Alkitab, dalam proses penulisannya tidak terlepas dari kisah-kisah yang nyata terjadi
pada jaman itu. Alkitab itu ditulis berdasarkan sejarah yang bertujuan untuk
menceritakan hal yang terjadi pada waktu itu kepada generasi sesudahnya. Karena itu,
seringkali oleh orang-orang liberal ataupun sekuler alkitab sering dipandang hanya
sebagai buku sejarah saja. Sedangkan hal-hal yang di luar nalar ataupun dari wahyu
ilahi dianggap sebagai mitos belaka. Adapun beberapa contoh bahwa teologi di dalam
alkitab tidak bisa diterima oleh para filsuf karena peristiwa yang terjadi tidak bisa
dicerna oleh akal. Contohnya kisah penciptaan alam semesta ataupun kisah penciptaan
Adam dan Hawa, kisah tersebut ditulis pada jaman Musa. Sehingga tidak mungkin pada
jaman Adam dan Hawa ataupun sebelum manusia diciptakan, manusia dapat
mengetahuinya kisah penciptaan tersebut. Oleh para filsuf dianggap sebagai dongeng
saja. Contoh lainnya adalah peristiwa perkawinan di Kana, di mana ada mujizat air
menjadi anggur. Meskipun peristiwa tidak ditolak oleh satu orang pun pada saat itu
tetapi oleh para filsuf hal tersebut tidak mungkin pernah bisa terjadi. Mukjizat-mujizat
yang dilakukan oleh musa dalam peristiwa 10 tulah, oleh para filsuf dan ilmuwan
mereka akan mencari dengan segala cara untuk membuktikan bahwa mujizat 10 tulah
tersebut dapat dijelaskan secara ilmiah ataupun akal.

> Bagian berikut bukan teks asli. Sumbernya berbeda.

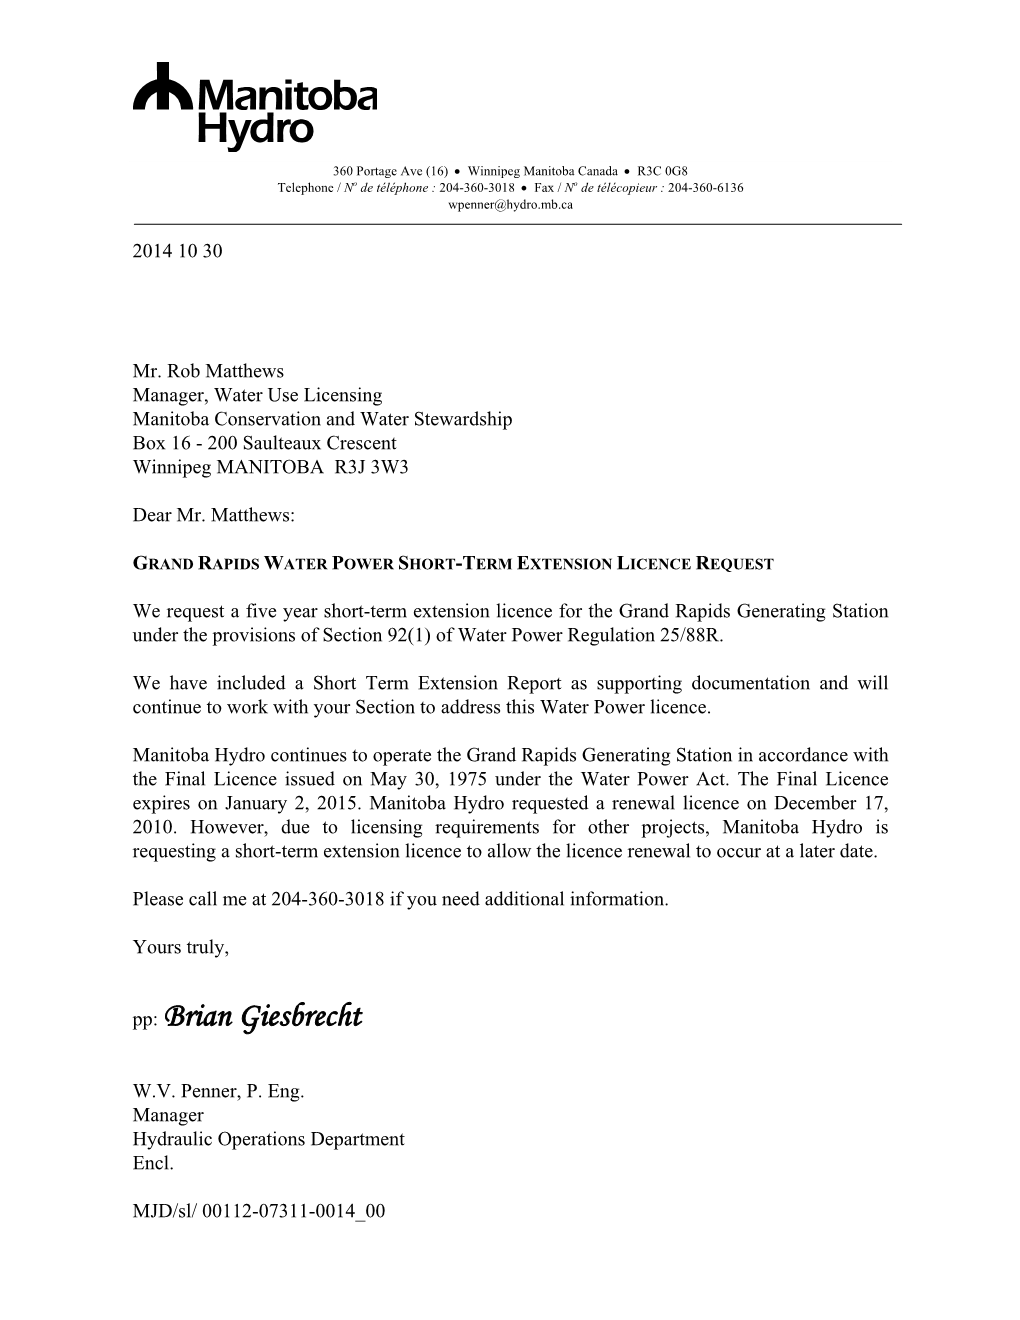 Grand Rapids GS Short Term Extension Licence Request (2014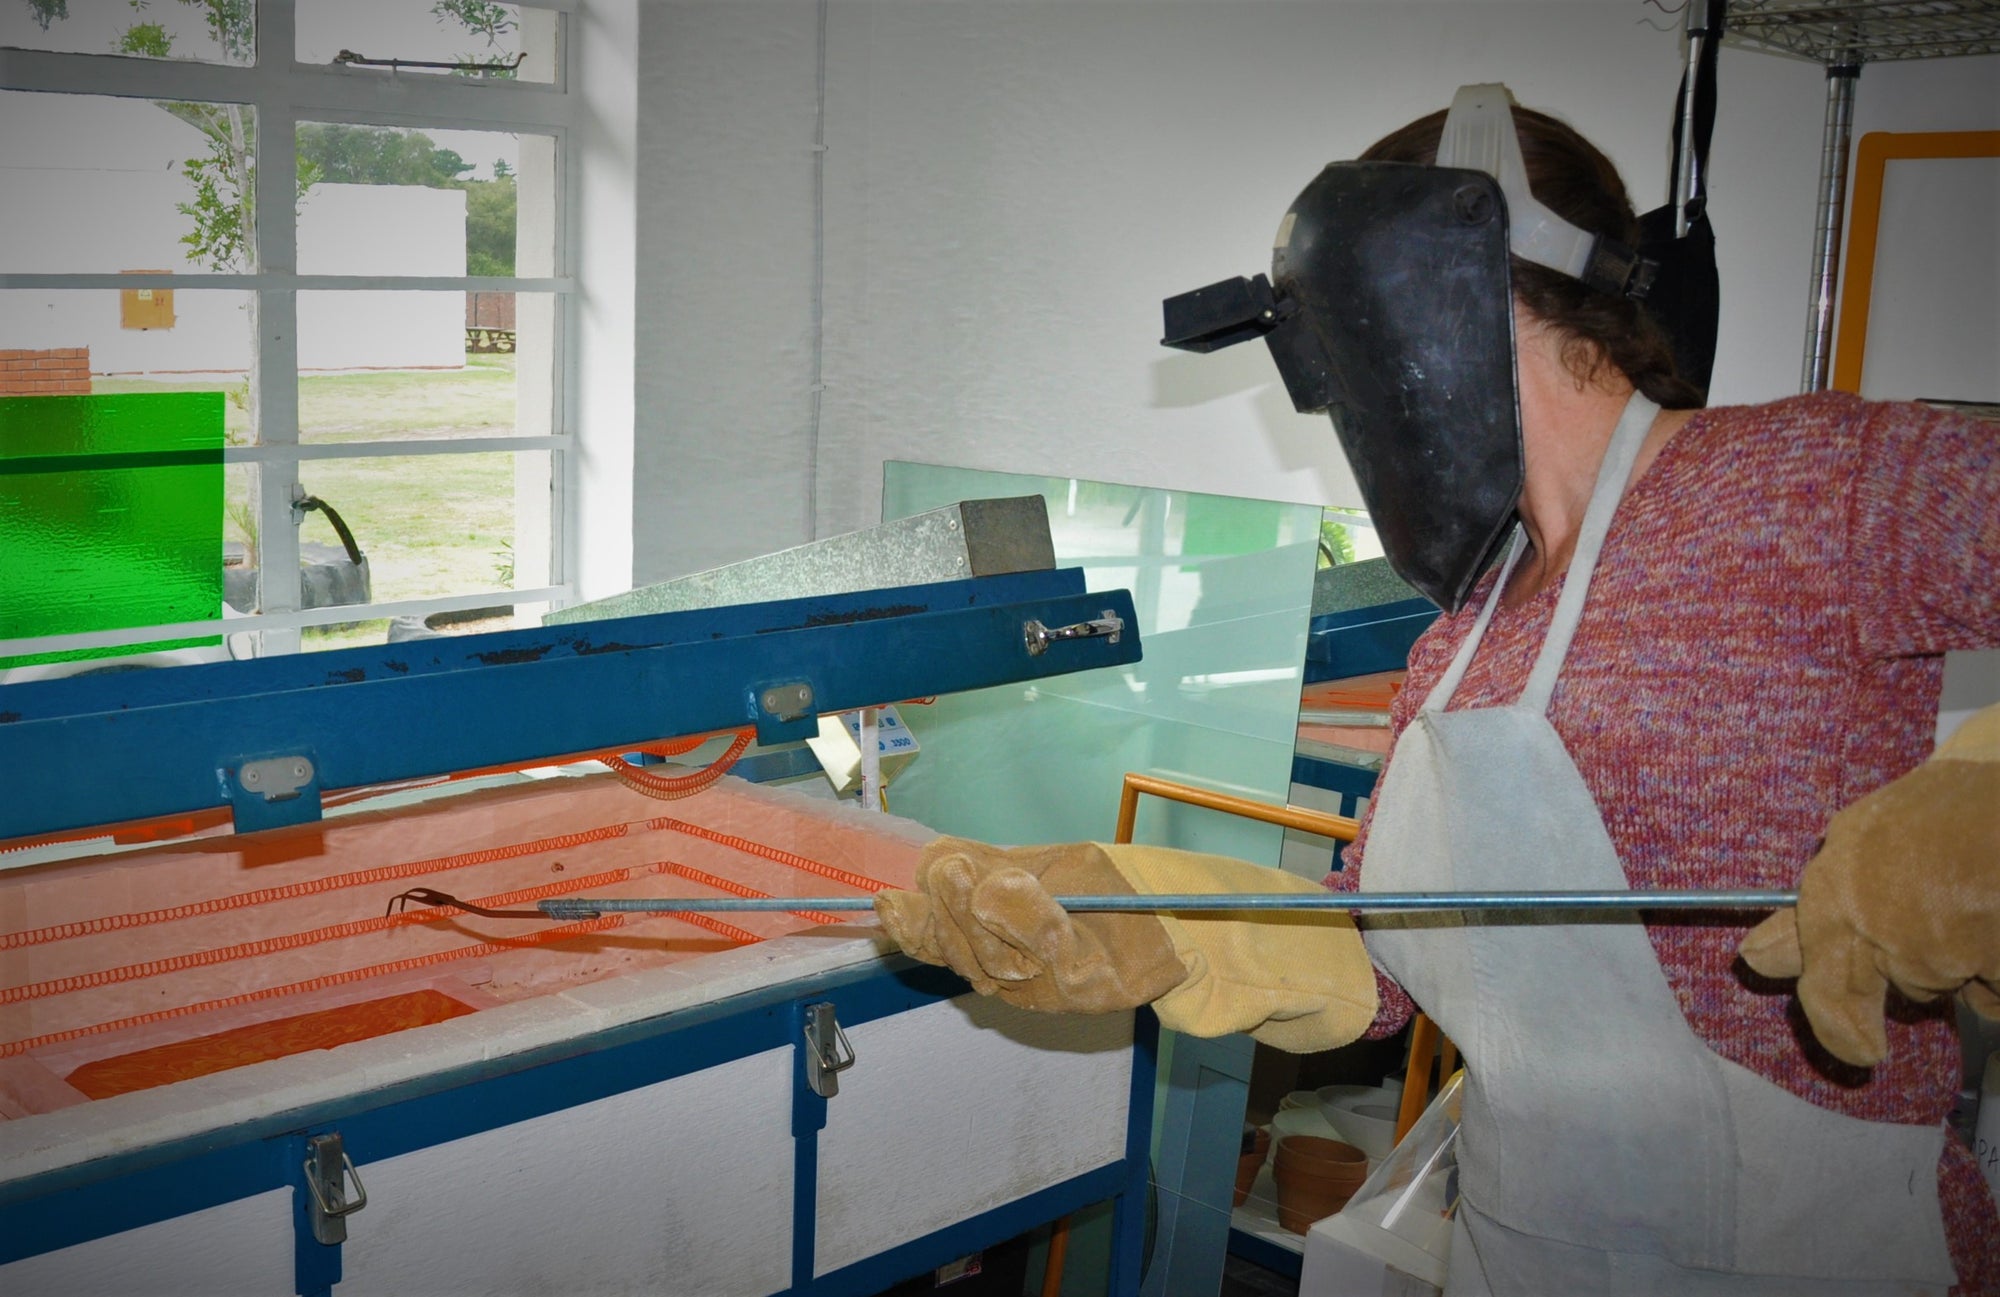 glass artist Helga Stassen combing fused glass art in a kiln in her studio in Sedgefield, South Africa

Namun, dengan filsafat sejarah kita mampu melihat makna ataupun faedah dari
pembacaan Alkitab. Misalnya ketika melihat perpolitikan di dalam Alkitab yakni pada
zaman raja-raja Israel maupun Yehuda, kita akan mendapati bahwa raja yang tidak
melakukan kaidah-kaidah yang benar dalam kehidupan sosialnya, maka masa
kejayaannya pun tidak akan bertahan lama dan mendapat rintangan dari masyarakat
maupun dari pihak musuh. Namun dengan kacamata teologi, kita malahan akan melihat
bahwa segala sesuatu yang terjadi berada di bawah tangan Tuhan. Kerajaan yang
menentang Tuhan tidak akan selamanya memperoleh kejayaan, bahkan seringkali
kehancuran selalu di depan mata.

Filsafat sejarah tidak selalu bertolak dari pandangan teologi sejarah, namun ada bagian-
bagian tertentu yang tidak dapat dicakup melalui filsafat sejarah karena pewahyuan
Allah bukanlah hasil dari pemikiran manusia.
BAB IV

KESIMPULAN

Adapun beberapa kesimpulan yang dapat diambil dari pembahasan di atas adalah
sebagai berikut:

1. Filsafat sejarah bukan hanya mencakup tentang peristiwa-peristiwa yang terjadi


pada masa lampau, namun juga aturan-aturan, hukum-hukum, norma-norma,
alur kisah, dan juga hal yang signifikan yang mampu membuat perubahan atau
perkembangan bagi masyarakat saat itu.
2. Filsafat sejarah hanya mampu mencakup atau menerima Alkitab sebatas apa
yang dapat diterima oleh akal budi manusia dan mengabaikan hal-hal yang
bersifat pewahyuan dari Allah.
3. Sebagai orang Kristen, hendaknya kita jangan hanya melihat Alkitab dari filsafat
sejarah saja, namun biarlah Roh Kudus membimbing kita terhadap hal-hal yang
supranatural sehingga semakin sempurna pengenalan kita akan Tuhan.